*** Opening Given information ***
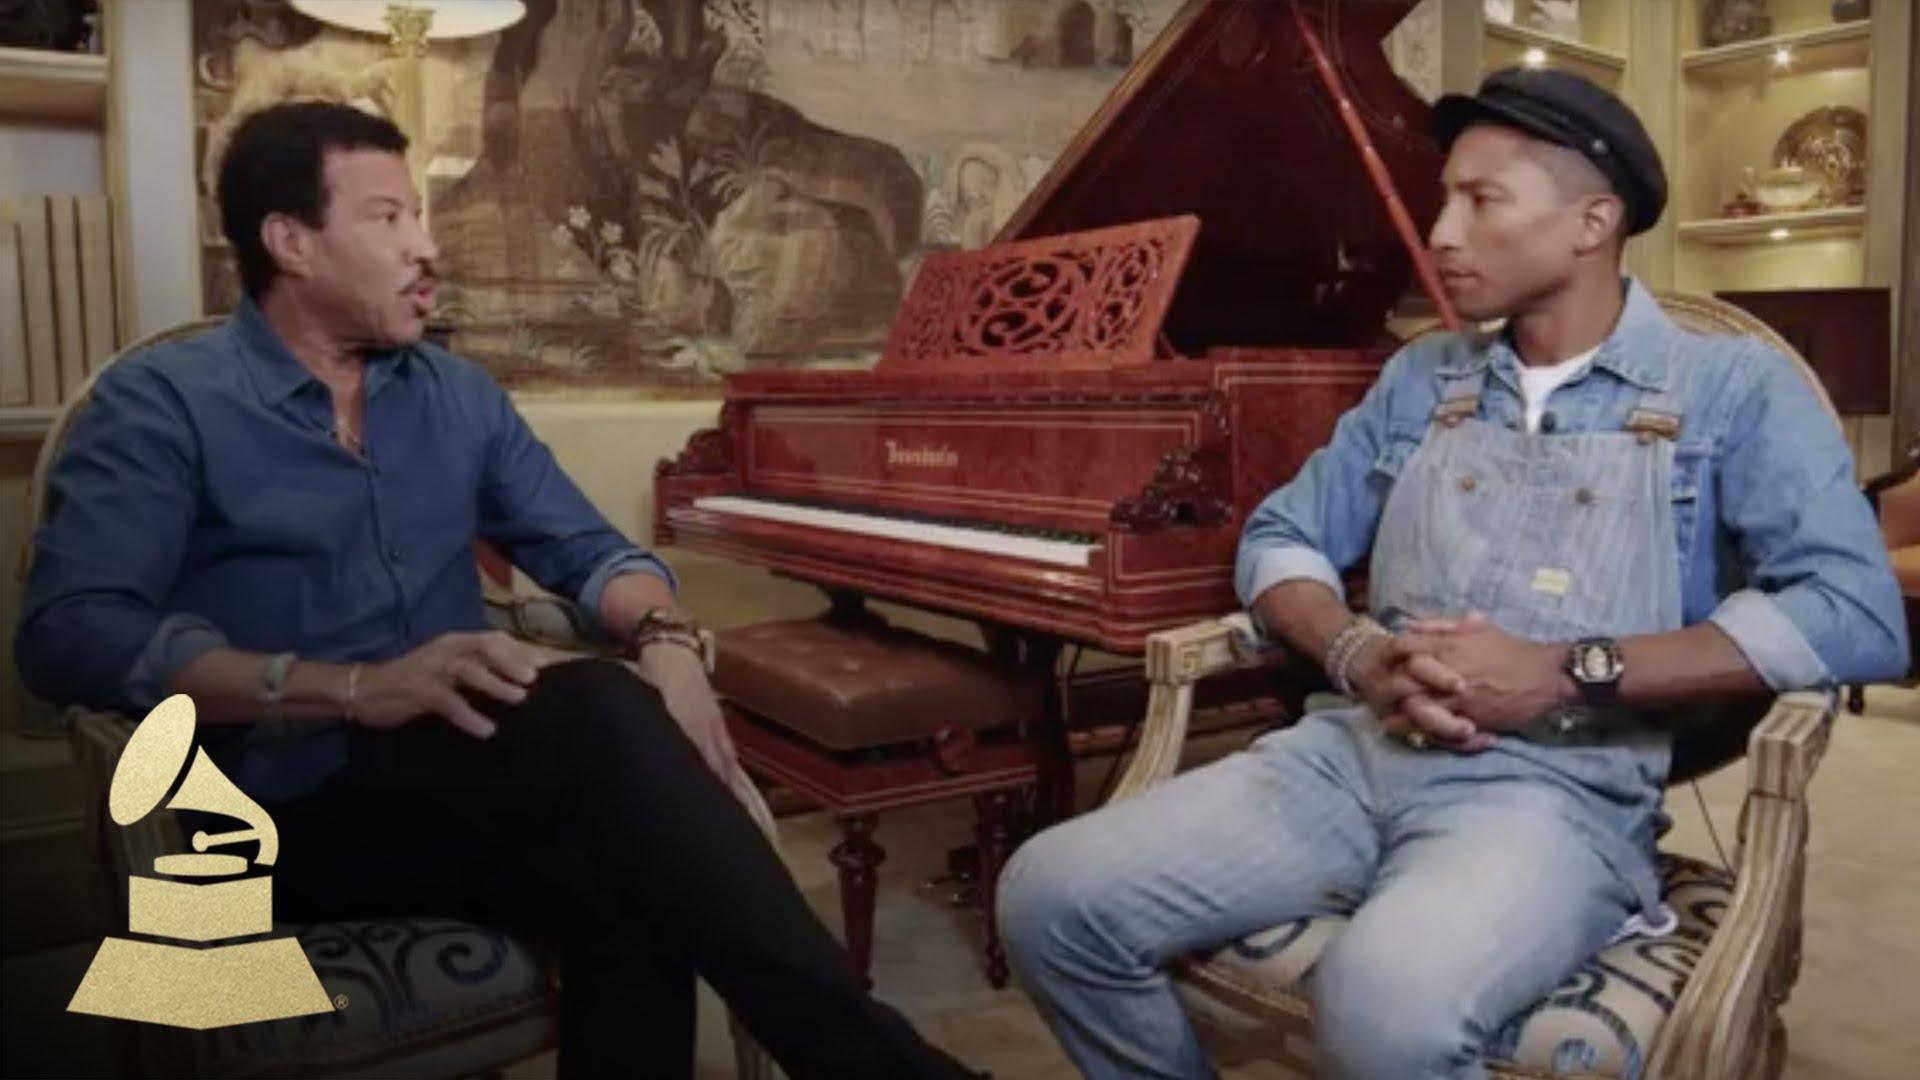 Watch The Grammys Season  - Lionel Richie and Pharrell Williams Interview | 58th GRAMMYs Online
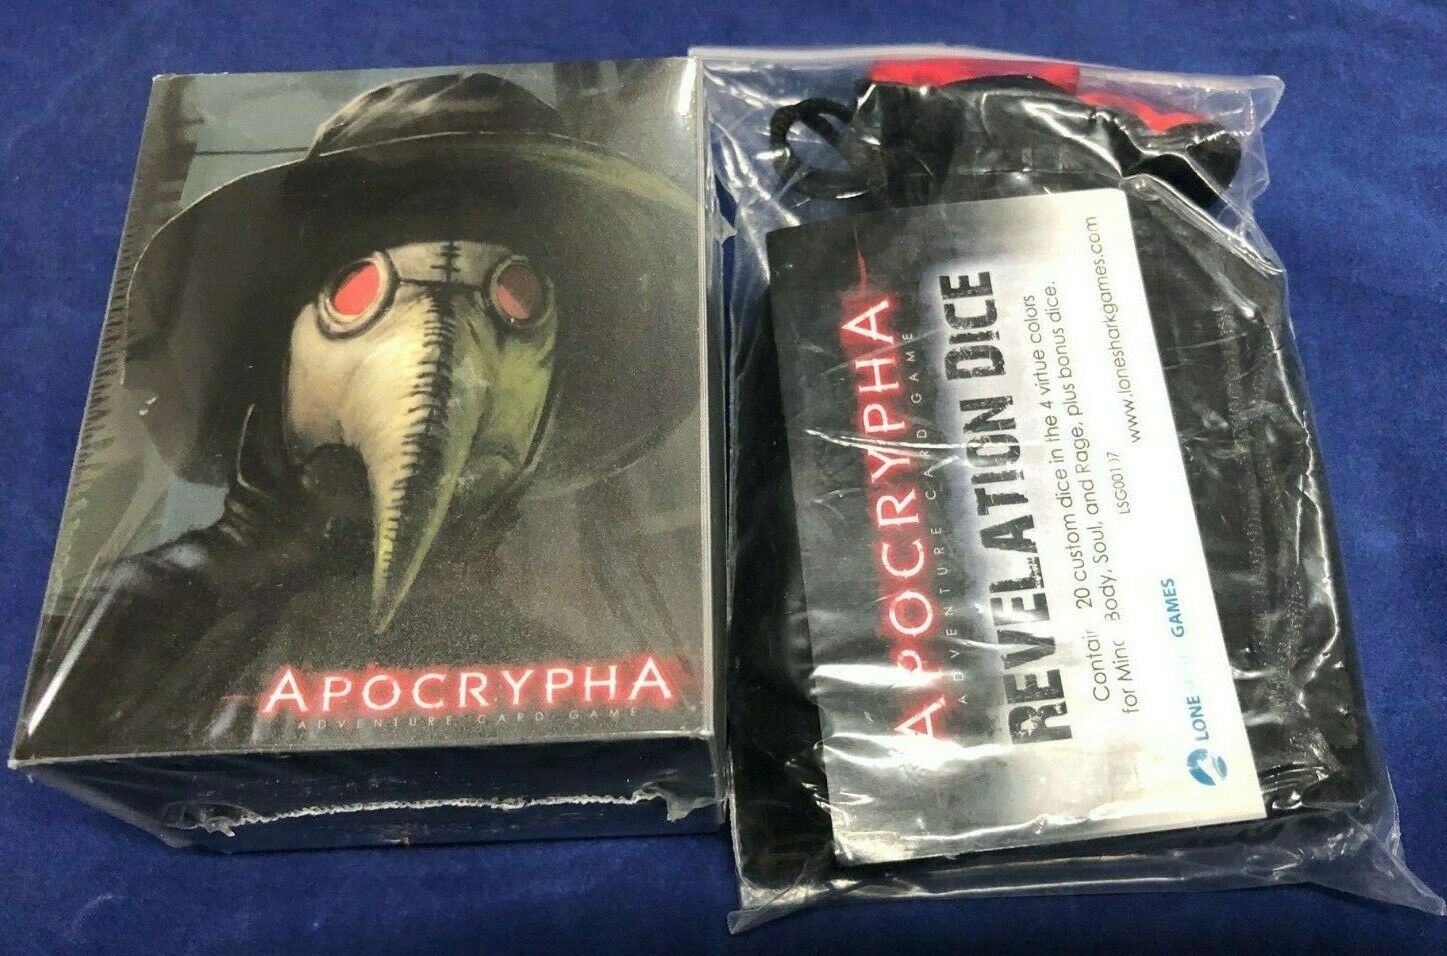 apocrypha adventure card game deck box
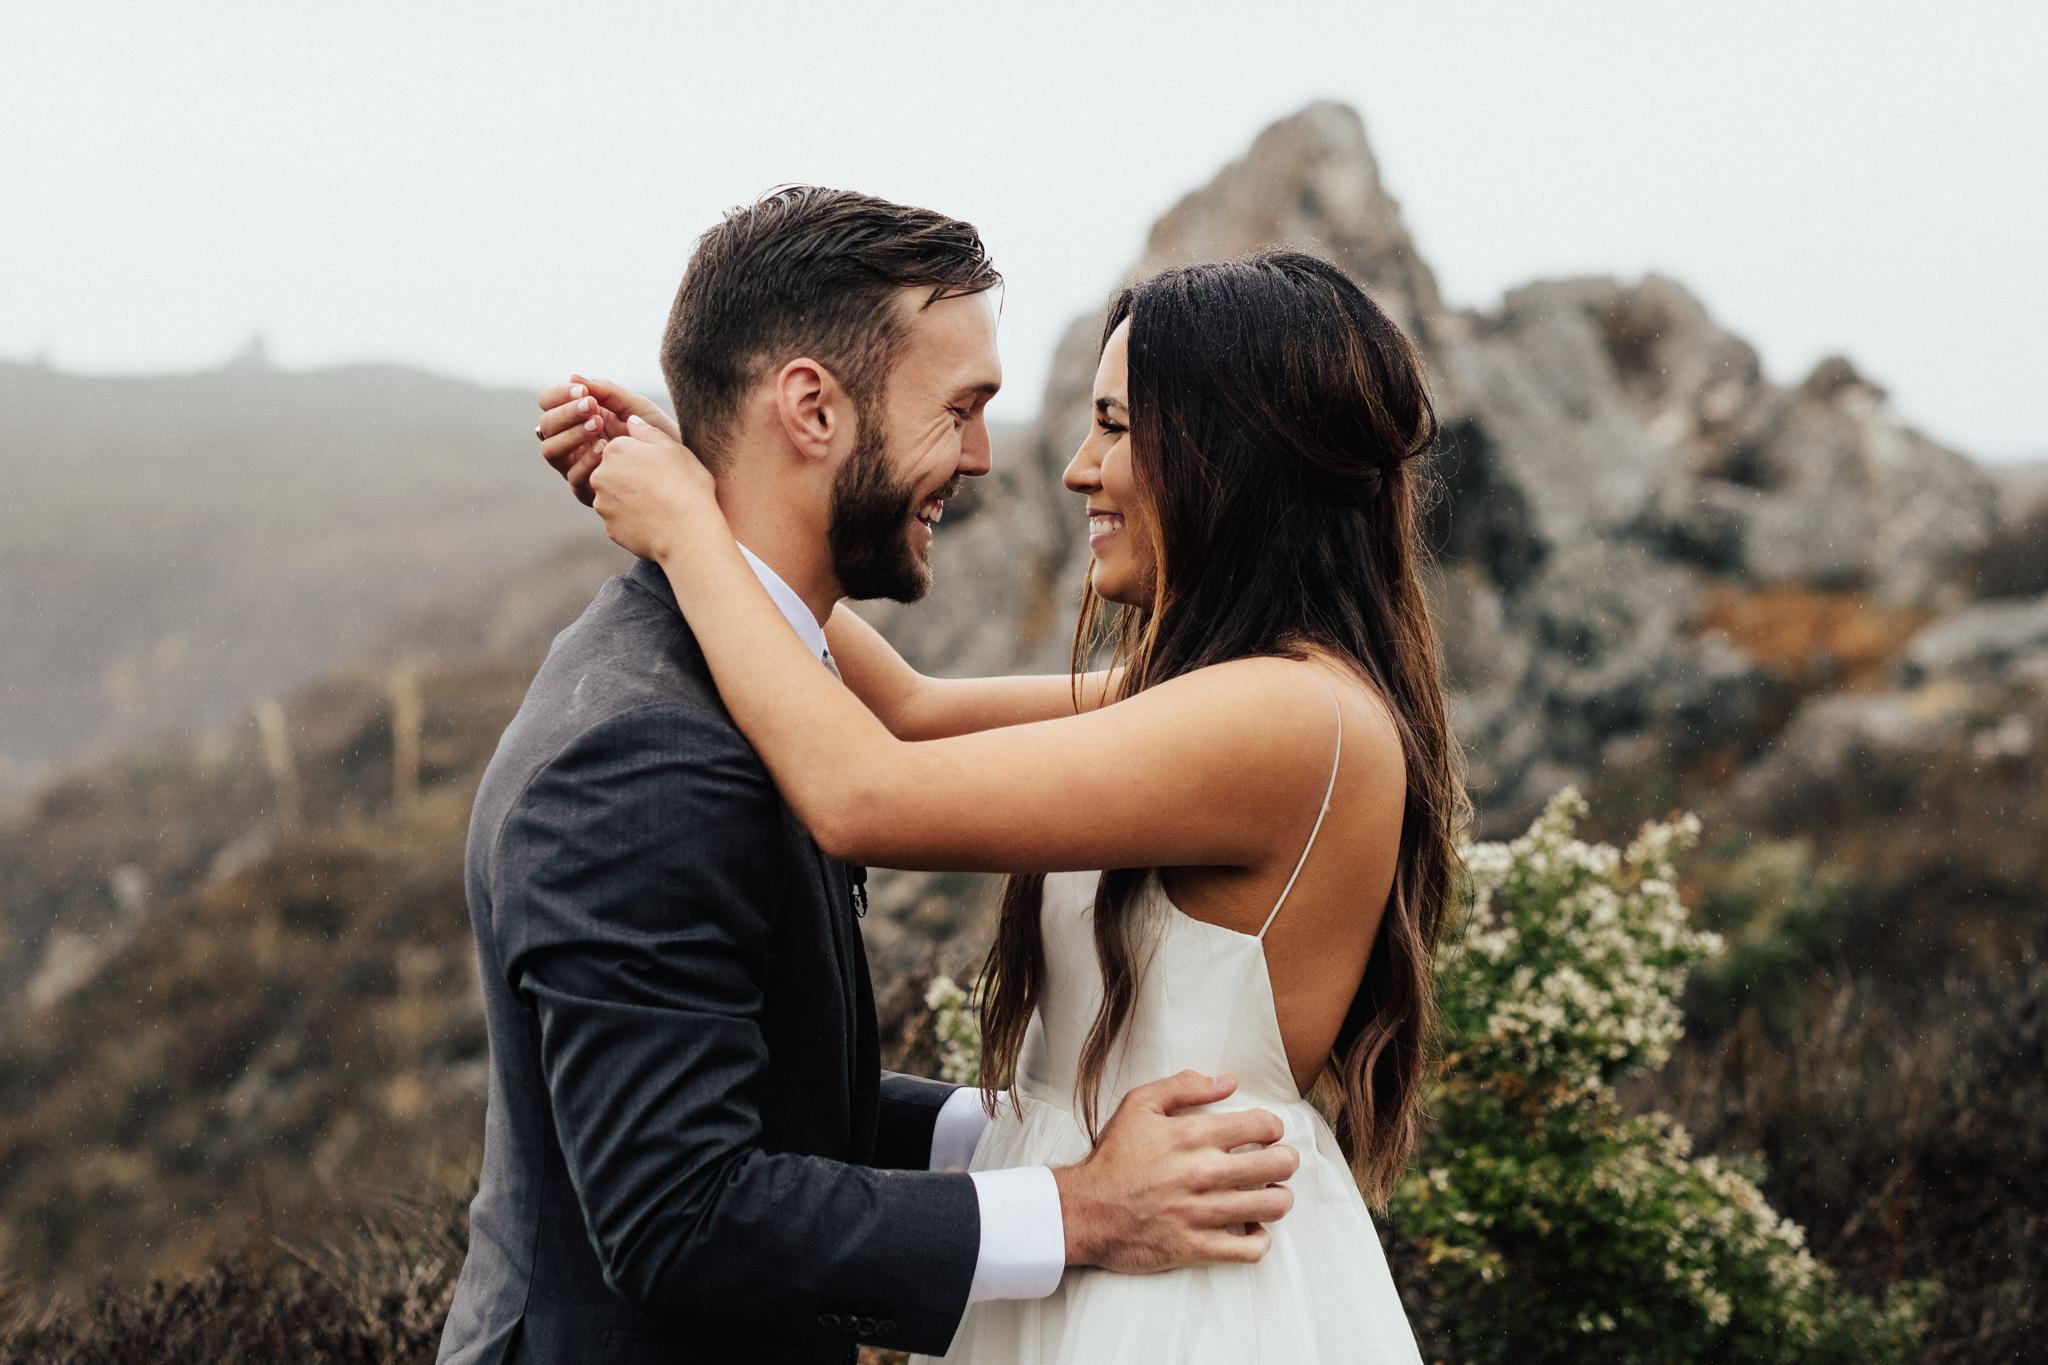 Arizona-Adventure-Elopement-Wedding-Photographer-1.jpg
*** Closing Given information ***
## Task instructions
Leaving out the pictures, transcribe the material above exactly.

## Answer for this exercise
 Watch The Grammys Season  - Lionel Richie and Pharrell Williams Interview | 58th GRAMMYs Online
 apocrypha adventure card game deck box
 Arizona-Adventure-Elopement-Wedding-Photographer-1.jpg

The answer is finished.